Ataklı’ya yanıt İBB Sözcüsü Murat Ongun’dan geldi. Ongun sosyal medya hesabından yaptığı açıklamada, "Korkusuz yazarı Can Ataklı’nın bugün İSPARK konusunda yazdığı yazı baştan sona yanlıştır. Siz, onun gazeteci olarak yapmadığını yapıp İSPARK web sitesinden denetlenmiş rakamlara ulaşabilirsiniz. 2021 yılında İSPARK pandemiye rağmen kâra geçecektir. Yıl sonu görüşürüz" ifadelerini kullanmıştı.

İşte Fatih Altaylı yazısındaki ilgili bölümün tamamı:

“İstanbul Büyükşehir Belediye Başkanlığı’nda da bir “İletişim Başkanlığı” kurulmuş da meğer daha henüz açıklanmamış.

Şaka yapıyorum zannediyorsunuz belki ama yapmıyorum.

Gazeteci Can Ataklı, önceki gün bir iddia ortaya attı.

AK Partili Belediye döneminde zarar eden İSPARK’ın, Ekrem İmamoğlu döneminde de zarar etmeye devam ettiğini, hatta bu zararların giderek büyüdüğünü ve bu yıl 100 milyon TL’yi bulacağını yazdı.

“İçerden” dediği kaynaklara dayanarak.

Ataklı’nın iddiaları doğru mu değil mi biliyorum.
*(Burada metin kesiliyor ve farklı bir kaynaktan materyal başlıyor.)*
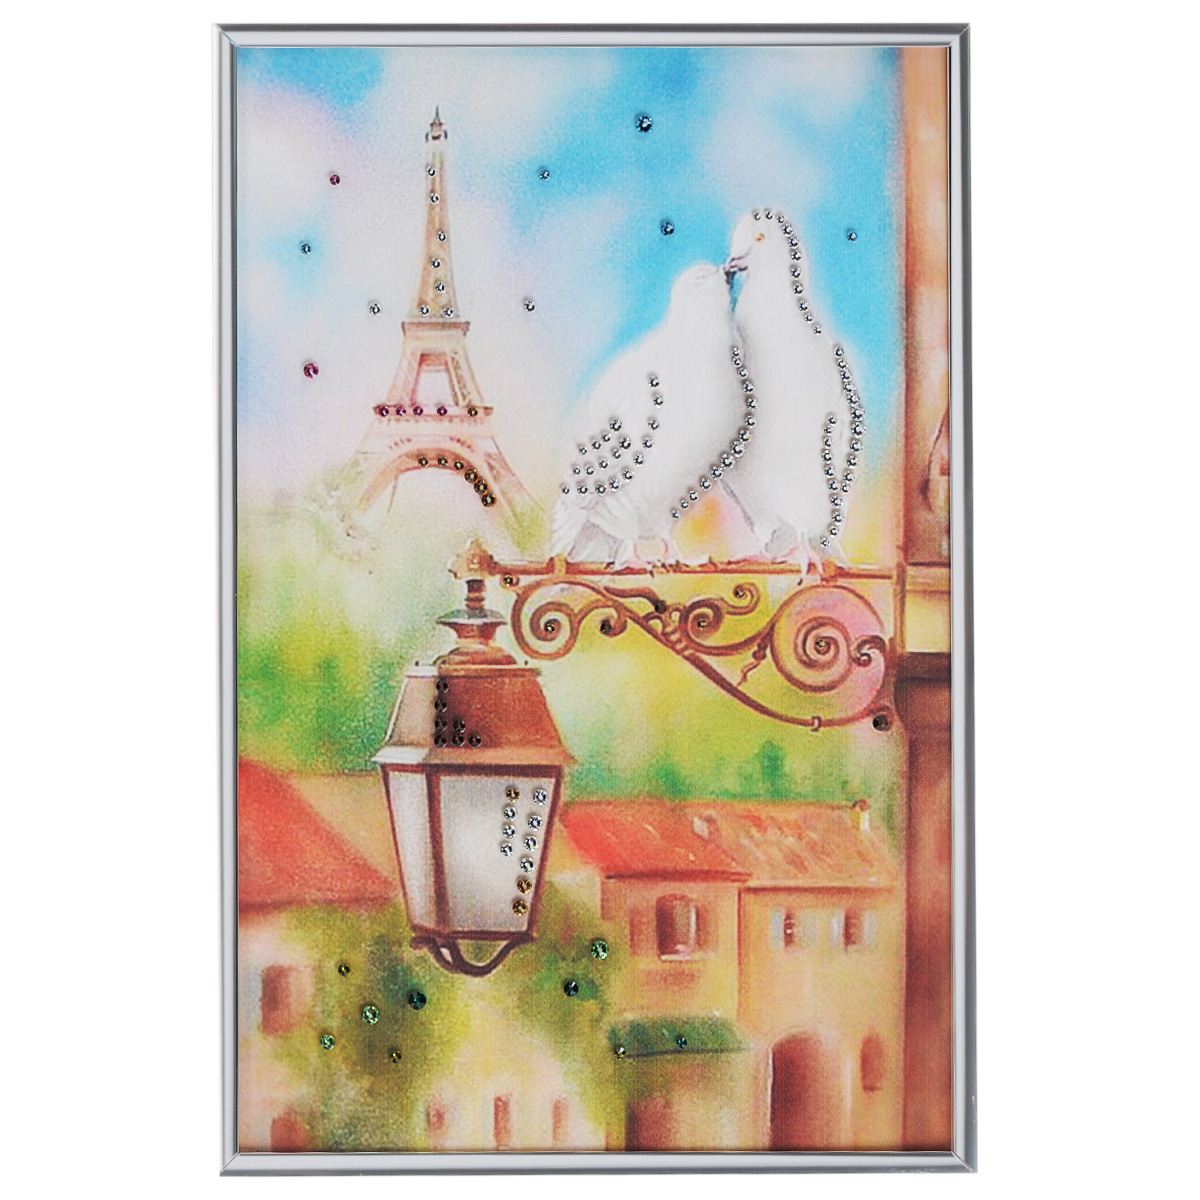 Картина с кристаллами Swarovski Голуби в Париже, 20 см х 30 смAG 30-04Изящная картина в металлической раме, инкрустирована кристаллами Swarovski, которые отличаются четкой и ровной огранкой, ярким блеском и чистотой цвета. Красочное изображение двух голубей на фоне Эйфелевой башни, расположенное под стеклом, прекрасно дополняет блеск кристаллов. С обратной стороны имеется металлическая петелька для размещения картины на стене.Картина с кристаллами Swarovski Голуби в Париже элегантно украсит интерьер дома или офиса, а также станет прекрасным подарком, который обязательно понравится получателю. Блеск кристаллов в интерьере, что может быть сказочнее и удивительнее. Картина упакована в подарочную картонную коробку синего цвета и комплектуется сертификатом соответствия Swarovski.

Kendisi referans gazetecilerimden biri değildir.

İçerde de bir kaynağım yok ki, yazdıklarını doğrulatayım ya da yalanlatayım.
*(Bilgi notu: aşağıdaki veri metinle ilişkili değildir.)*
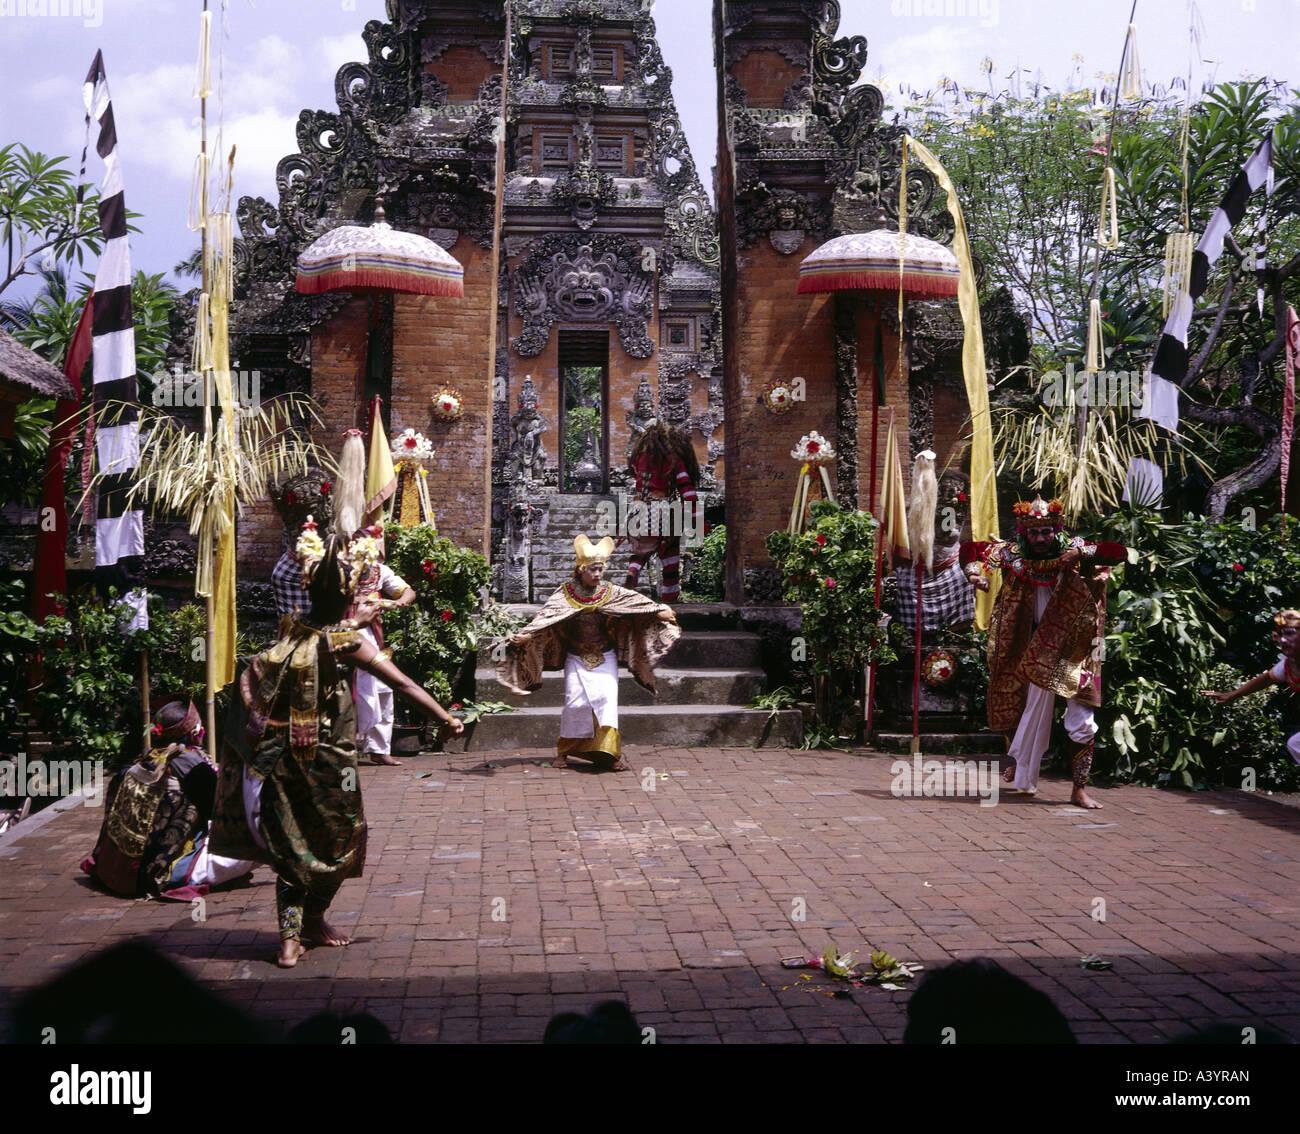 Viaje / Geografía, Indonesia, Bali, tradición / Folclore, baile Barong, aparición de Dewi Kunti, Imagen De Stock

Açıklanan resmi bilançoda zarar göründüğünü biliyor ve makyajlı bilançoda zarar görünüyorsa, gerçek zararın daha büyük olduğunu tahmin edebiliyorum.

Önemli olan o değil zaten.

Ataklı’nın yazdığı külliyen doğru veya külliyen yanlış olabilir.

Benim kabullenemediğim, Ataklı’ya verilen yanıtın veriliş tarzı, veriliş biçimi ve üslubu.

Gereksiz derecede sert, gereksiz derecede suçlayıcı, gereksiz derecede kaba ve gazeteciyi küçük görmeye çalışan bir tını hakim yanıta.

Hop kardeşim.

Ne oluyorsunuz, kim oluyorsunuz.

Adam gibi verilerle, kimseyi suçlamalardan, “yalancı malancı” demeden doğru düzgün kibar bir yanıt veremiyor musunuz!

Bu mudur adabınız.

Unutmayın bir belediyeyi, bir partiyi, farklı olacağını söyleyen bir muhalefeti, ne yazık ki temsil ediyorsunuz.

Kendinize geliniz.

Seçim öncesi böyle miydi Başkanınızın iddiası.

Hani siz farklı olacaktınız, hani yepyeni bir üslup getirecektiniz siyasete.

Medyaya karşı kullandığınız bu üslup zaten var.

Son yıllarda giderek artan dozda var hem de.

Bu üslubu muhalefete ve muhalif medyaya karşı kullanan bir makam mevcut Ankara’da.

Bir de bunun küçük modeline ihtiyacımız yok bildiğim kadarı ile.

İletişim Başkanlığı’nın “İstanbul çakması"na ne gazetecilerin ne de CHP siyasetinin ihtiyaç duyduğunu zannetmiyorum.

İstanbul Büyükşehir Belediye Başkanı, belki bölgesel etkilerin nedeni ile AK Parti üslubunu benimsemiş, Belediye yönetiminde Cumhurbaşkanlığına götüren eski bir yolu aynen uyguluyor olabilir.

O siyasetçidir.

Bunun meyvesini de toplayabilir, bedelini de ödeyebilir.

Ama atanmış bir belediye bürokratının İletişim Başkanı 2.0’lığa soyunması CHP’nin Türkiye tasavvuruna ne kadar uygundur bilemem.”